By: Jonah Comstock
This year has been a big year for health app regulation: FDA released its final guidance on regulation of mobile medical apps earlier this year, and the ONC released its final HIPAA omnibus rule in January. But there is a third agency regulating health apps, in cases where neither the FDA’s harm standard nor HIPAA apply: the Federal Trade Commission.
At the mHealth Summit in National Harbor, Maryland, William Baker, an attorney with Wiley Rein LLP, talked about the FTC’s role in regulating apps, as well as the role played by state attorneys general and industry self-regulation.
Baker said FTC regulation is concerned with “misleading or unfair trade practices,” such as the commission’s removal of dermatology apps from the iOS and Google Play stores in 2011. But the agency is also concerned with privacy and security of data that isn’t covered under HIPAA, like, potentially, data from health and fitness apps. Though not a health app, the FTC did crack down on an app just last week for data security reasons — a flashlight app that gave user’s geographic location to third parties without permission.

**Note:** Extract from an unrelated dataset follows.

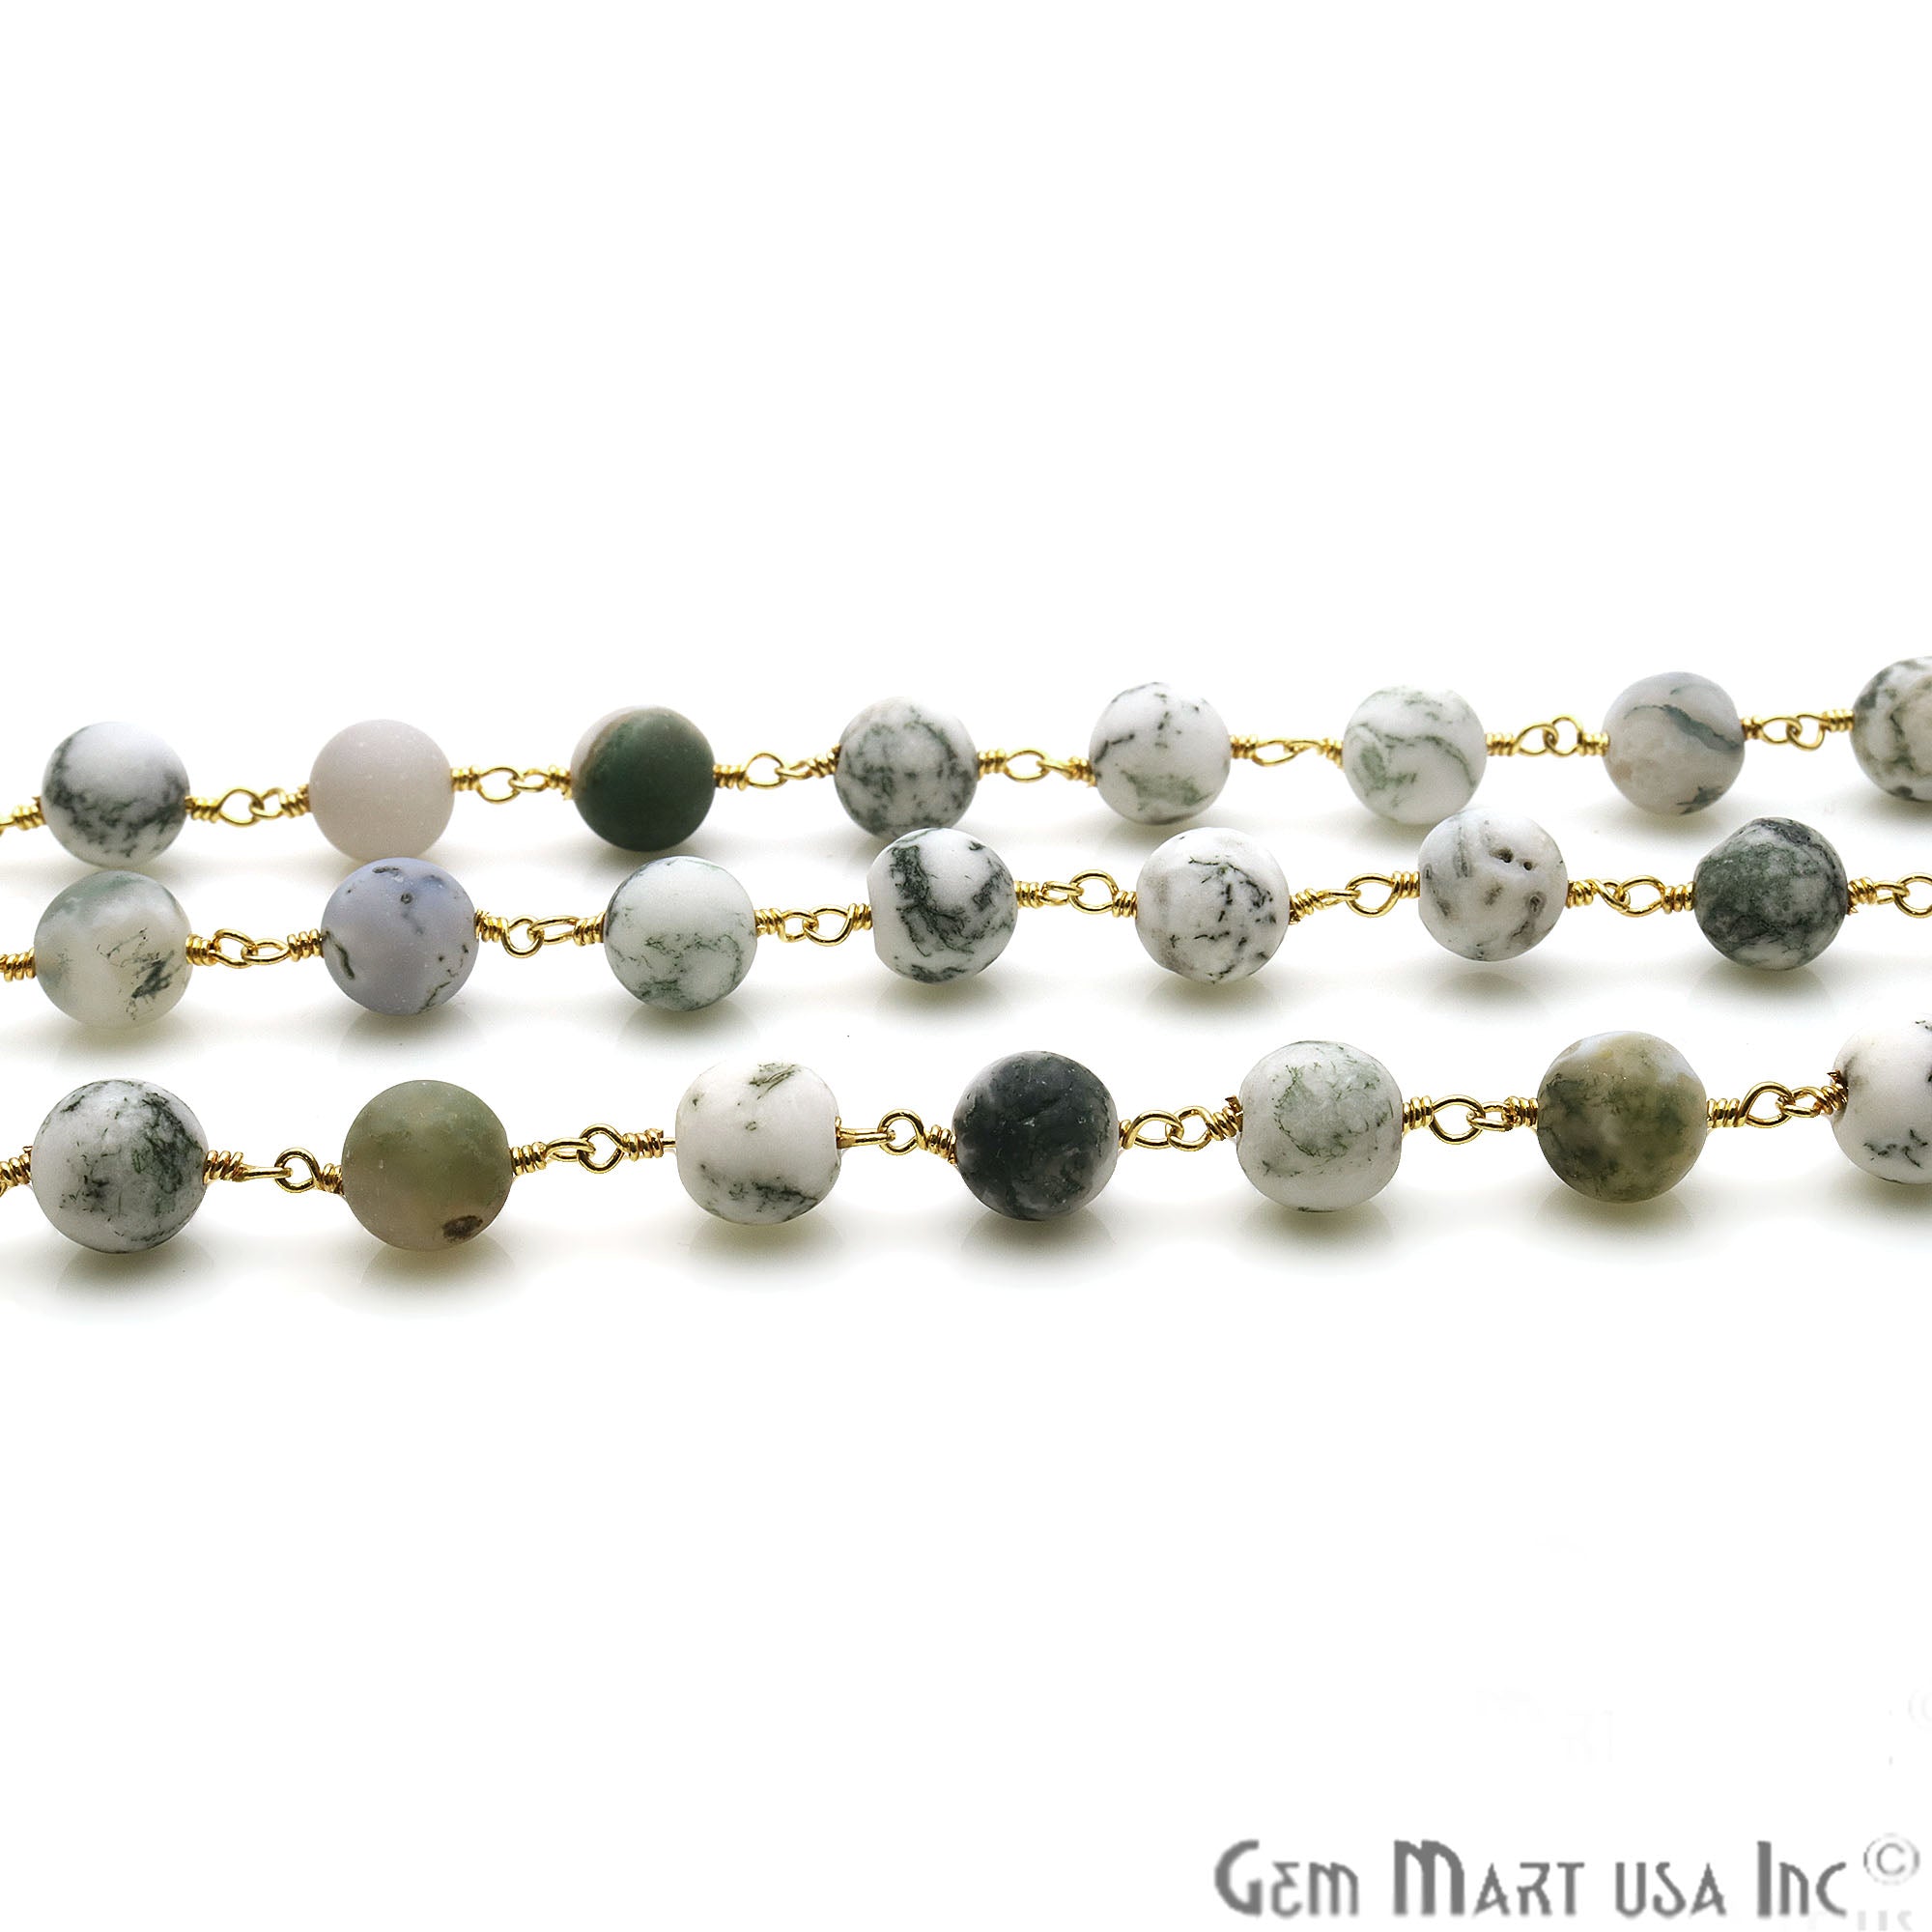 Green Agate Frosted Beads 8mm Gold Plated Wire Wrapped Rosary Chain - GemMartUSA

“The end user license agreement didn’t disclose that it was collecting precise geographic data,” he said. “There was an accept and refuse button. The app was already collecting and transmitting data before the button appeared, and if you clicked refuse, it did it anyway.”
Recently, the FTC’s pursuit of medical research company LabMD has suggested that the commission is no longer limiting itself to non-PHI privacy concerns. The Georgia company has sued in response, alleging that the FTC is overstepping its bounds.